=== Work item ===
Given the records below, the lines starting at the line with "костюмов Эдит Хэд." and ending at the line with "Interaktion zwischen Mutter" should be output exactly, both end lines kept and pictures left out.

START Supplied material

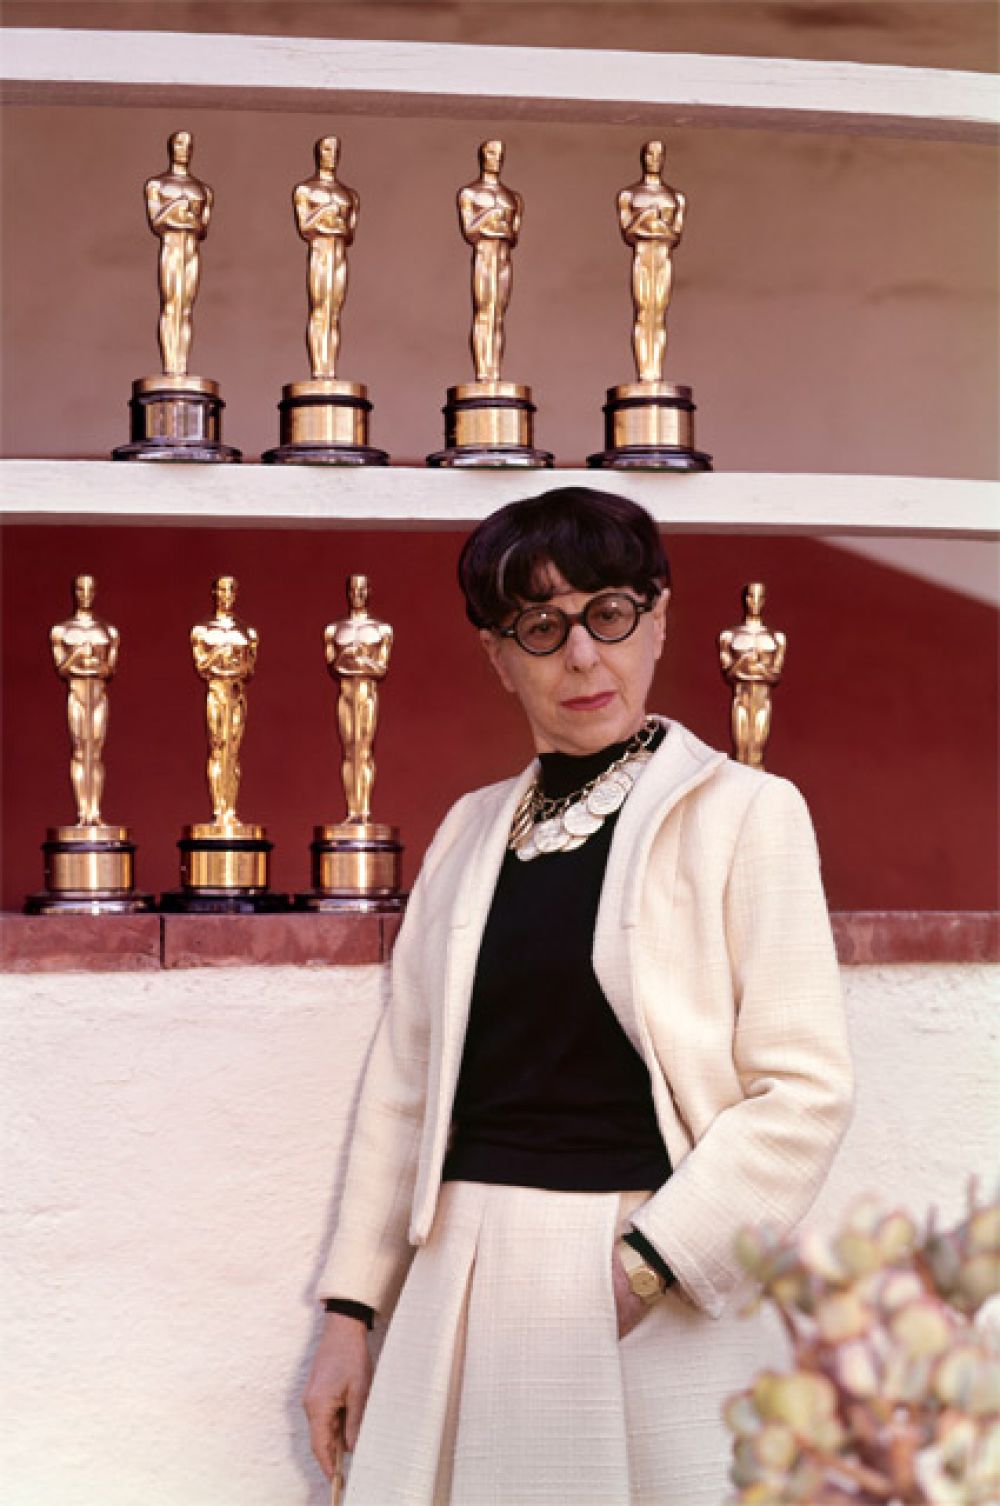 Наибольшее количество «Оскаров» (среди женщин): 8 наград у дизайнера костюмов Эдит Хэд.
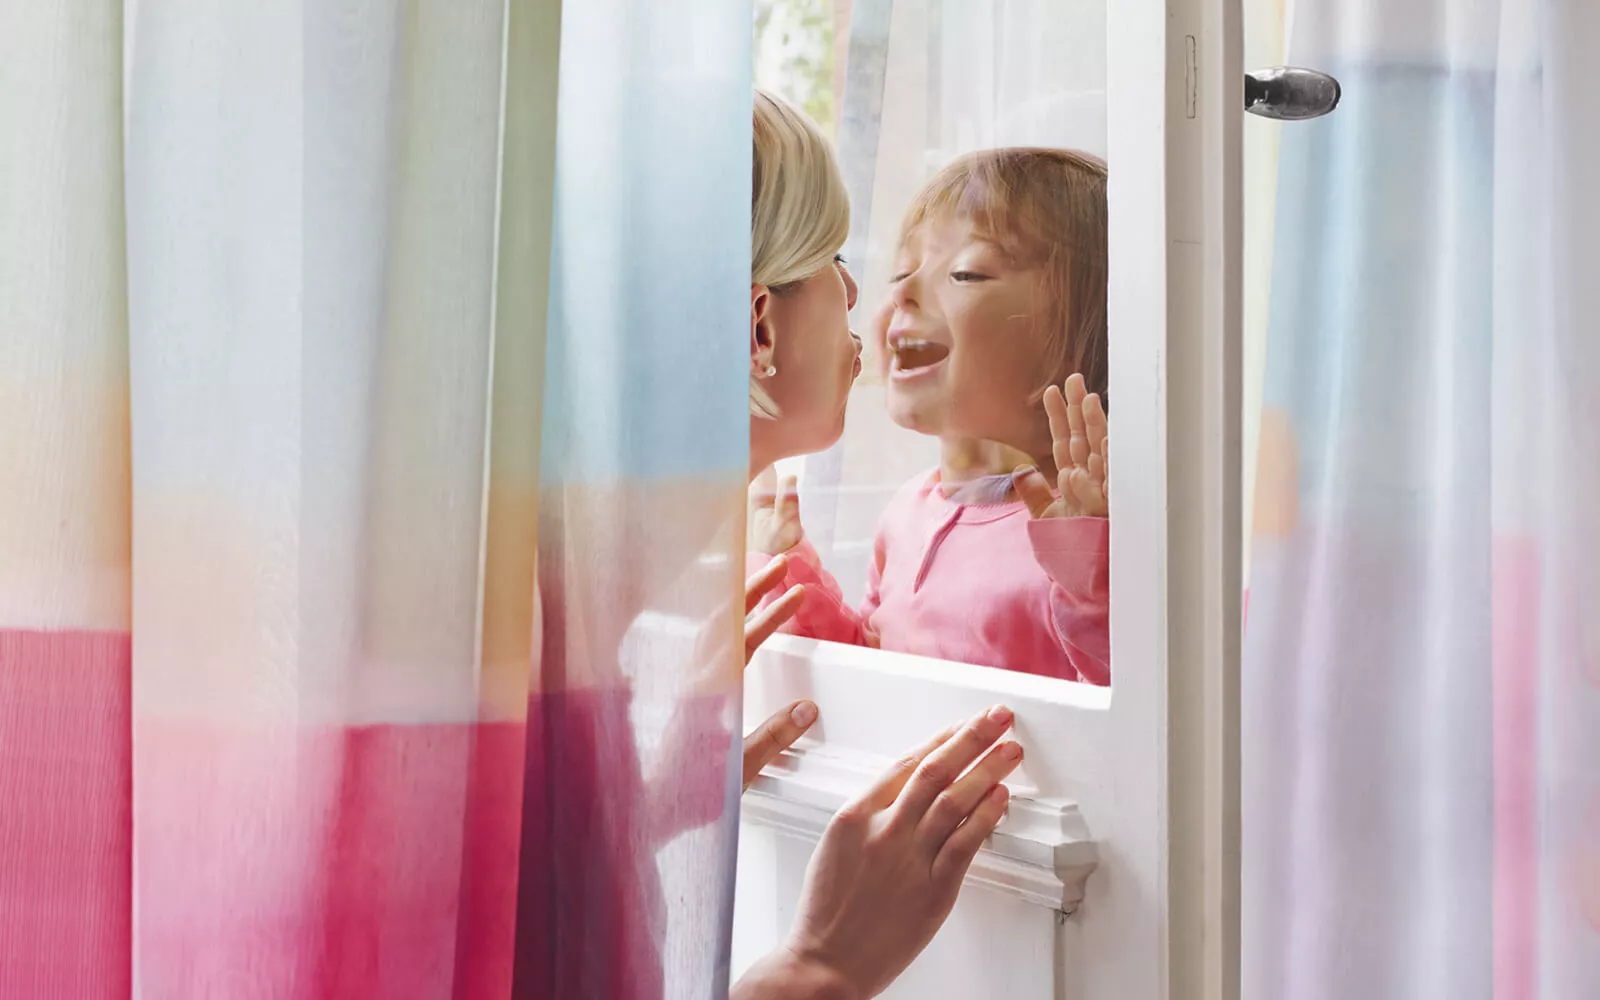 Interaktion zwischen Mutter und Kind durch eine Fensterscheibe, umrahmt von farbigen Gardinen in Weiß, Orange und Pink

END Supplied material
START Supplied material

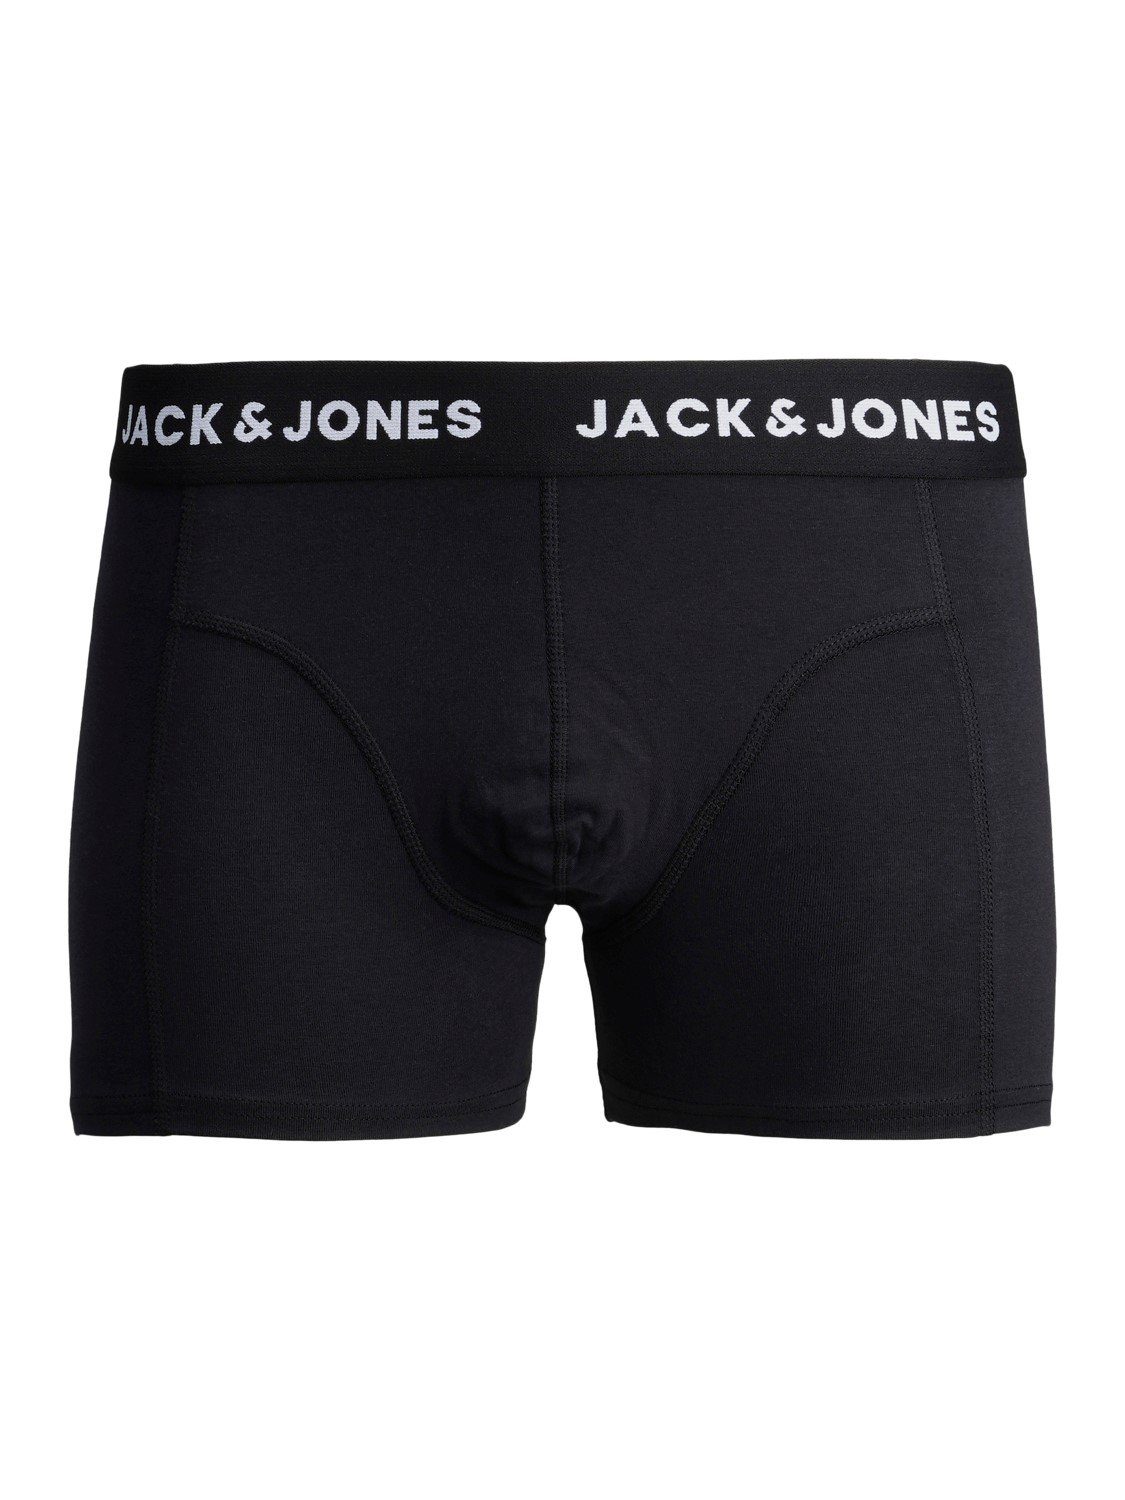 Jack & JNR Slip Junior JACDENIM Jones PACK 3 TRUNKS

END Supplied material

=== Completed task ===
 Наибольшее количество «Оскаров» (среди женщин): 8 наград у дизайнера костюмов Эдит Хэд.
 Interaktion zwischen Mutter und Kind durch eine Fensterscheibe, umrahmt von farbigen Gardinen in Weiß, Orange und Pink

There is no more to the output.